In particular, why would that parser know how to process Python Unicode
strings?
It doesn't have to. You can use an XML encoder to reencode the unicode
string into bytes (forcing an encoding that the parser knows):
import codecs
from xml.parsers import expat
ci = codecs.lookup("xml-auto-detect")
p = expat.ParserCreate()
e = "utf-32"
s = (u"<?xml version='1.0' encoding=%r?><foo/>" % e).encode(e)
s = ci.encode(ci.decode(s)[0], encoding="utf-8")[0]
p.Parse(s, True)
...
...
Furthermore encoding-detection might be part of the responsibility of
the XML parser, but this decoding phase is totally distinct from the
parsing phase, so why not put the decoding into a common library?
I would not object to that - just to expose it as a codec. Adding it
to the XML library is fine, IMO.
But it does make sense as a codec. The decoding phase of an XML parser
has to turn a byte stream into a unicode stream.
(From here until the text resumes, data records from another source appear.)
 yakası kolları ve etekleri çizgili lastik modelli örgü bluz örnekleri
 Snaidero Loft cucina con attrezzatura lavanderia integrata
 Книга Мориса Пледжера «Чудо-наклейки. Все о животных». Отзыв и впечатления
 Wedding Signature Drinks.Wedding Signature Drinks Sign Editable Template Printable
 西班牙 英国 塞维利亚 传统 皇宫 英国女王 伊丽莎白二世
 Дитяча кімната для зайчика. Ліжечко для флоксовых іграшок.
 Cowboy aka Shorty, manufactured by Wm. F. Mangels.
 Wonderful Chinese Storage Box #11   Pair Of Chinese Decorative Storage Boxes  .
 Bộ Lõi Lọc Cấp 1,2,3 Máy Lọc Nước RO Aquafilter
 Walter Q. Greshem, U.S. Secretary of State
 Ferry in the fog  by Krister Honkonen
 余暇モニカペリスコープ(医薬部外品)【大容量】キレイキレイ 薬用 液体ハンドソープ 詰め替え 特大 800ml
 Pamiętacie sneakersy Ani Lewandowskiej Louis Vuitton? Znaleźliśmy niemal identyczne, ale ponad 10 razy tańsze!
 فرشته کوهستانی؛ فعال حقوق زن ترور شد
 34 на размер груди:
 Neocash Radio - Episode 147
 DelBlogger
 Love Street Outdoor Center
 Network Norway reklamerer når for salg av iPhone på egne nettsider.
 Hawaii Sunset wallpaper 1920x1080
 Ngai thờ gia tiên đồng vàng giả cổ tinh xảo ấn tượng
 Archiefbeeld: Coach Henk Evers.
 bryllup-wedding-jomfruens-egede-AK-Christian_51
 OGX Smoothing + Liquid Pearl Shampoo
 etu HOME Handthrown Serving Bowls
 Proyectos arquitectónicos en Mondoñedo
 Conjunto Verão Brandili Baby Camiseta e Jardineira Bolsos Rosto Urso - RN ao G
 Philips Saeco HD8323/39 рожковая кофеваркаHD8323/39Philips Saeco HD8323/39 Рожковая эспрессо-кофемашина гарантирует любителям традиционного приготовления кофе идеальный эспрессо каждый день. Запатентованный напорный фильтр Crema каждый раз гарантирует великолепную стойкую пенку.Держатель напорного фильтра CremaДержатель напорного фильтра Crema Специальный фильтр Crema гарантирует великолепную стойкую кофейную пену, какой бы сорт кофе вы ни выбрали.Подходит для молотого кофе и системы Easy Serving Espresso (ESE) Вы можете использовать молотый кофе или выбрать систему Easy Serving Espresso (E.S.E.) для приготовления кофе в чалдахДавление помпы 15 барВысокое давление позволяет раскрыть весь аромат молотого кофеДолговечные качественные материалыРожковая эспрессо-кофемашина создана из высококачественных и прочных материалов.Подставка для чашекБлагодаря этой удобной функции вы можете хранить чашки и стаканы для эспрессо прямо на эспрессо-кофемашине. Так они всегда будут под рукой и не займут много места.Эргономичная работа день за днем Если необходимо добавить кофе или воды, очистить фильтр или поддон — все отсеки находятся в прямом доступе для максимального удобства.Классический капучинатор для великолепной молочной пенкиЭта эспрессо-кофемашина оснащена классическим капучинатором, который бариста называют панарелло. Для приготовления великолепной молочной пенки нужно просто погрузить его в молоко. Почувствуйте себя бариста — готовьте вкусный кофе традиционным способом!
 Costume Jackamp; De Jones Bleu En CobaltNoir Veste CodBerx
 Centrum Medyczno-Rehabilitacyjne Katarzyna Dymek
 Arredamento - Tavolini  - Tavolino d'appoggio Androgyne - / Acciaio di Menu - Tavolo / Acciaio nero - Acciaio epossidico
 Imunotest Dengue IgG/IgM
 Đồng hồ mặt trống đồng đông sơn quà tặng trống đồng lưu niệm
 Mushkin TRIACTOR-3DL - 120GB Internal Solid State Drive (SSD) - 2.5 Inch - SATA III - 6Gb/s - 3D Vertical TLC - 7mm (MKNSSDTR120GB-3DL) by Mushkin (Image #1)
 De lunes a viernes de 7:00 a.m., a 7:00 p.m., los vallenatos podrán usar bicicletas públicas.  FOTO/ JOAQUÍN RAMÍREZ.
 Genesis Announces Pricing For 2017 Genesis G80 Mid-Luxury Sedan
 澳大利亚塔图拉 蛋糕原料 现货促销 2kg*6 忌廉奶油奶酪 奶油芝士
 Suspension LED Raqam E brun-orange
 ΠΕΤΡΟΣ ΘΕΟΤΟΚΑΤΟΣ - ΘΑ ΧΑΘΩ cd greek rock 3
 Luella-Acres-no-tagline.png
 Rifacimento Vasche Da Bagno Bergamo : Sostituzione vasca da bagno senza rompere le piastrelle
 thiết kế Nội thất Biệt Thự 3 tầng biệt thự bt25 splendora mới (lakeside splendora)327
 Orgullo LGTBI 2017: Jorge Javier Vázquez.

That's the job of a codec.
Yes, an XML parser should be able to use UTF-8, UTF-16, UTF-32, etc
codecs to do the encoding.  There's no need to create a magical
mystery codec to pick out which though.  It's not even sufficient for
XML:

1) round-tripping a file should be done in the original encoding.
Containing the auto-detected encoding within a codec doesn't let you
see what it picked.
2) the encoding may be specified externally from the file/stream[1].
The xml parser needs to handle these out-of-band encodings anyway.

[2] http://mail.python.org/pipermail/xml-sig/2004-October/010649.html

-- 
Adam Olsen, aka Rhamphoryncus